- _EXERCISE_: Exclude images, then output the remaining data verbatim.
======== PROVIDED MATERIAL
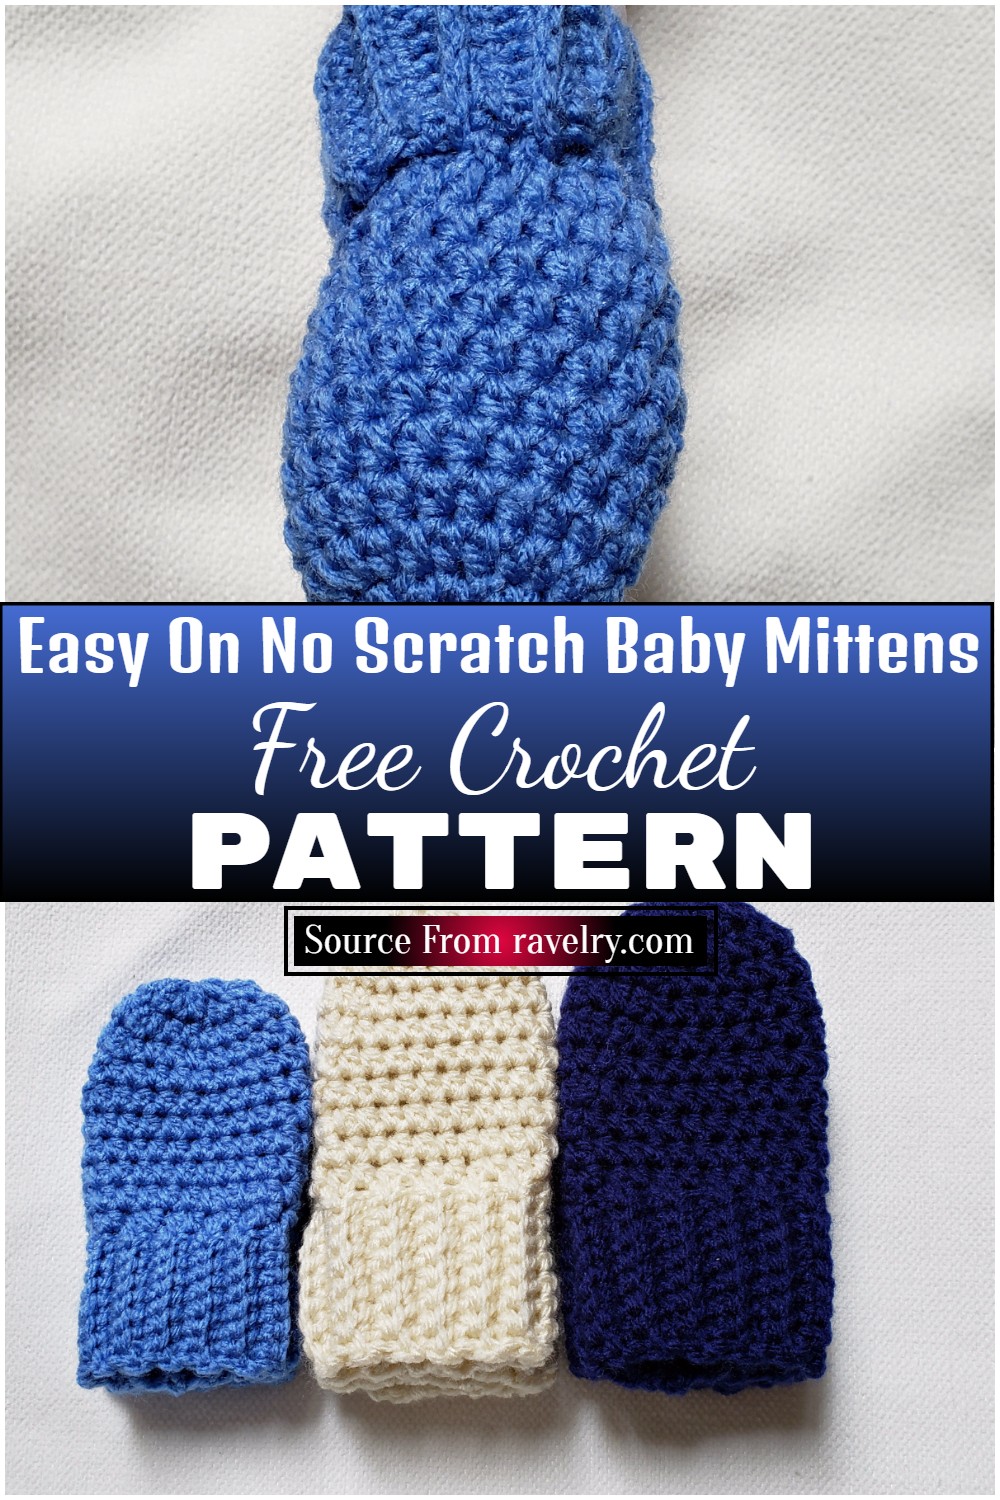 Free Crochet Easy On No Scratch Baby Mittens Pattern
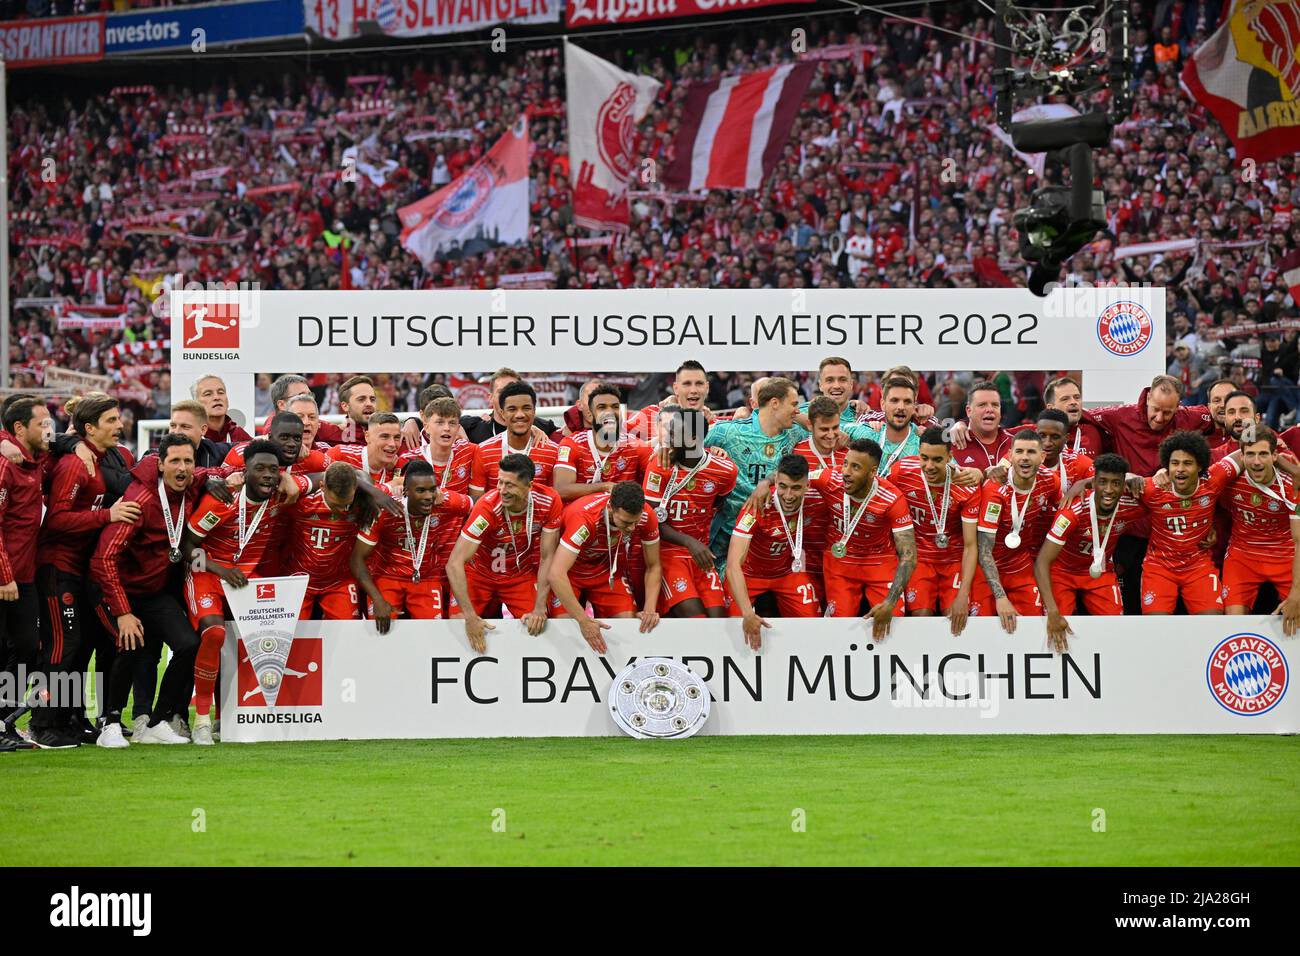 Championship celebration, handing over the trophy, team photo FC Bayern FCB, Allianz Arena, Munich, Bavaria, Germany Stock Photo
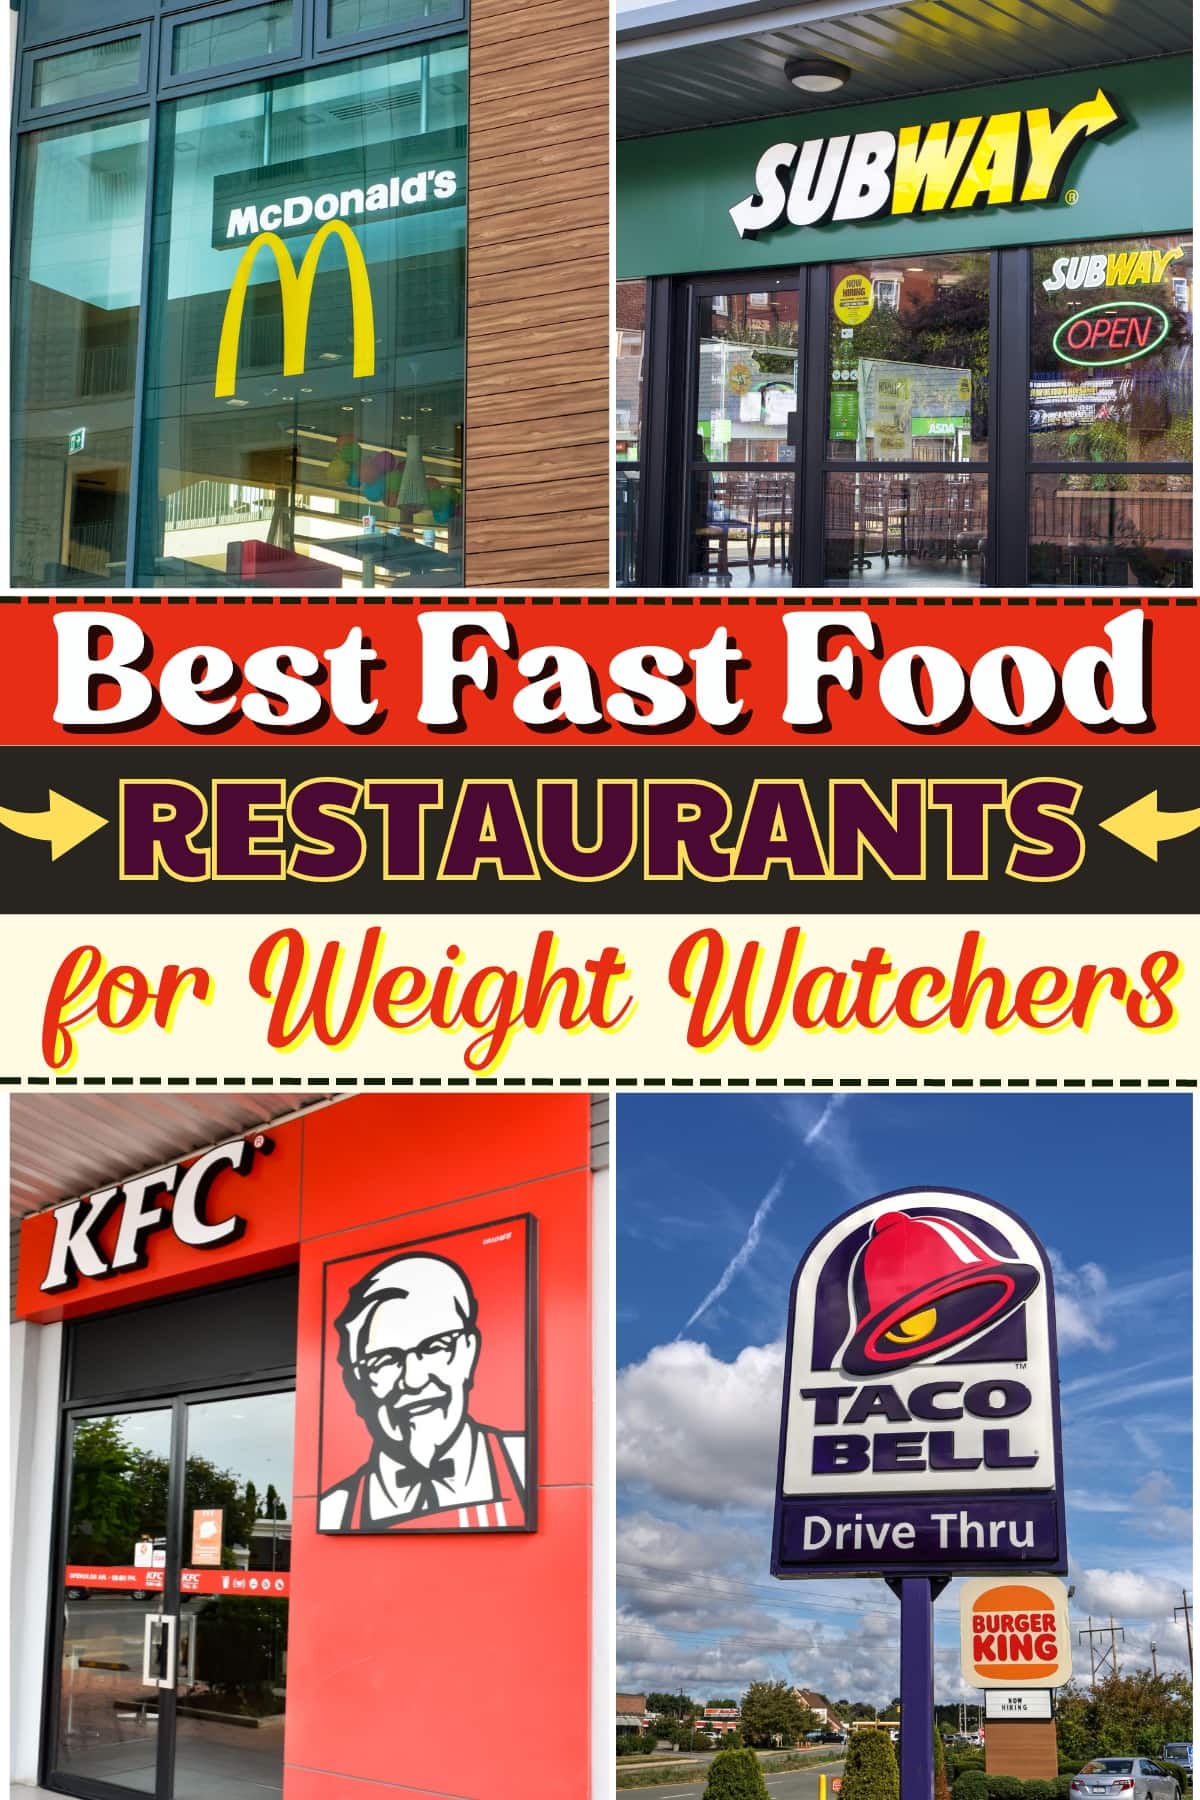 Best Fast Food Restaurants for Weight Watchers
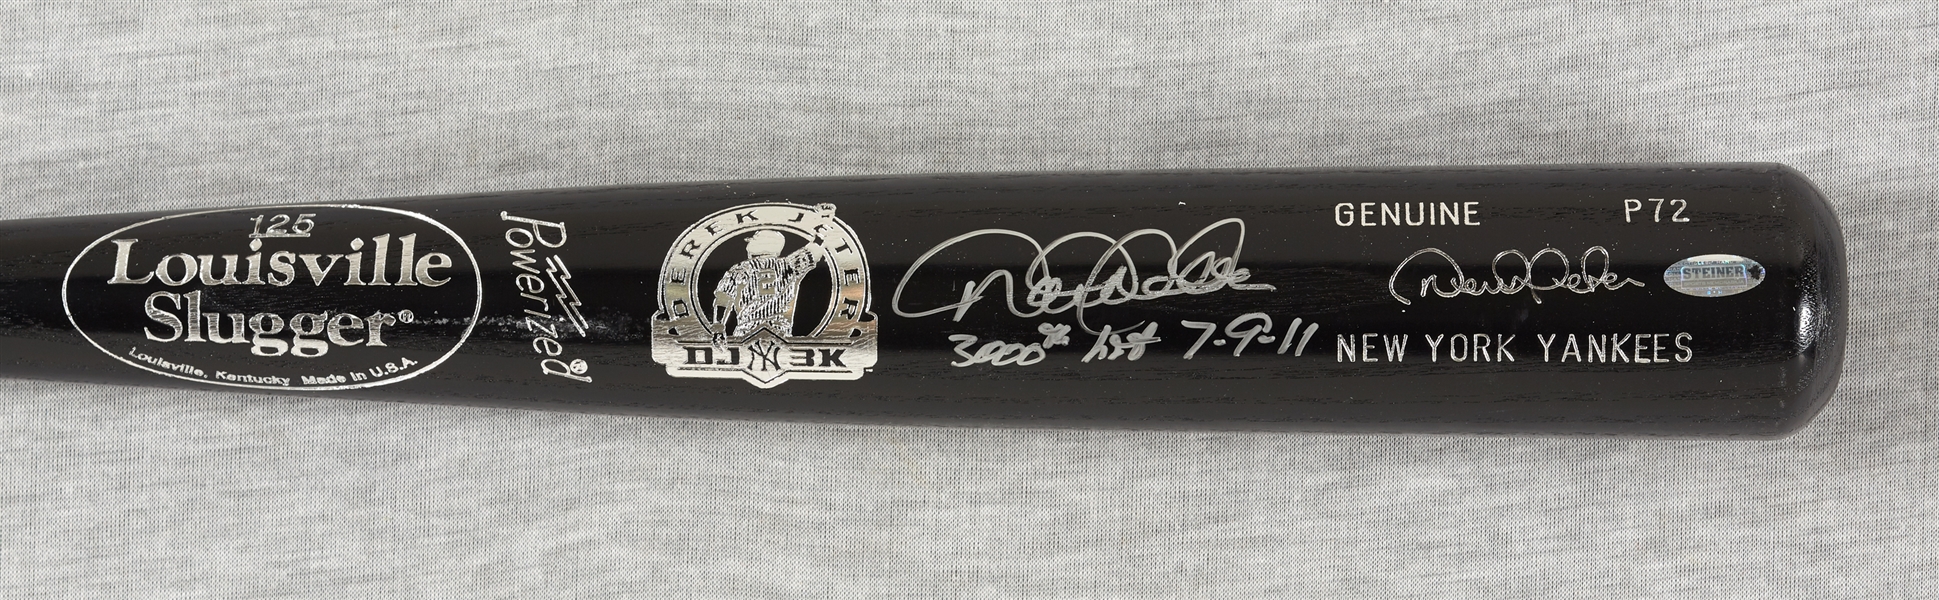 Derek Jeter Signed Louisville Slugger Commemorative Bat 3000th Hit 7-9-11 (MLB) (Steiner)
================
- _RESPONSE BOX_:
 Free Crochet Easy On No Scratch Baby Mittens Pattern
 Championship celebration, handing over the trophy, team photo FC Bayern FCB, Allianz Arena, Munich, Bavaria, Germany Stock Photo
 Best Fast Food Restaurants for Weight Watchers
 Derek Jeter Signed Louisville Slugger Commemorative Bat 3000th Hit 7-9-11 (MLB) (Steiner)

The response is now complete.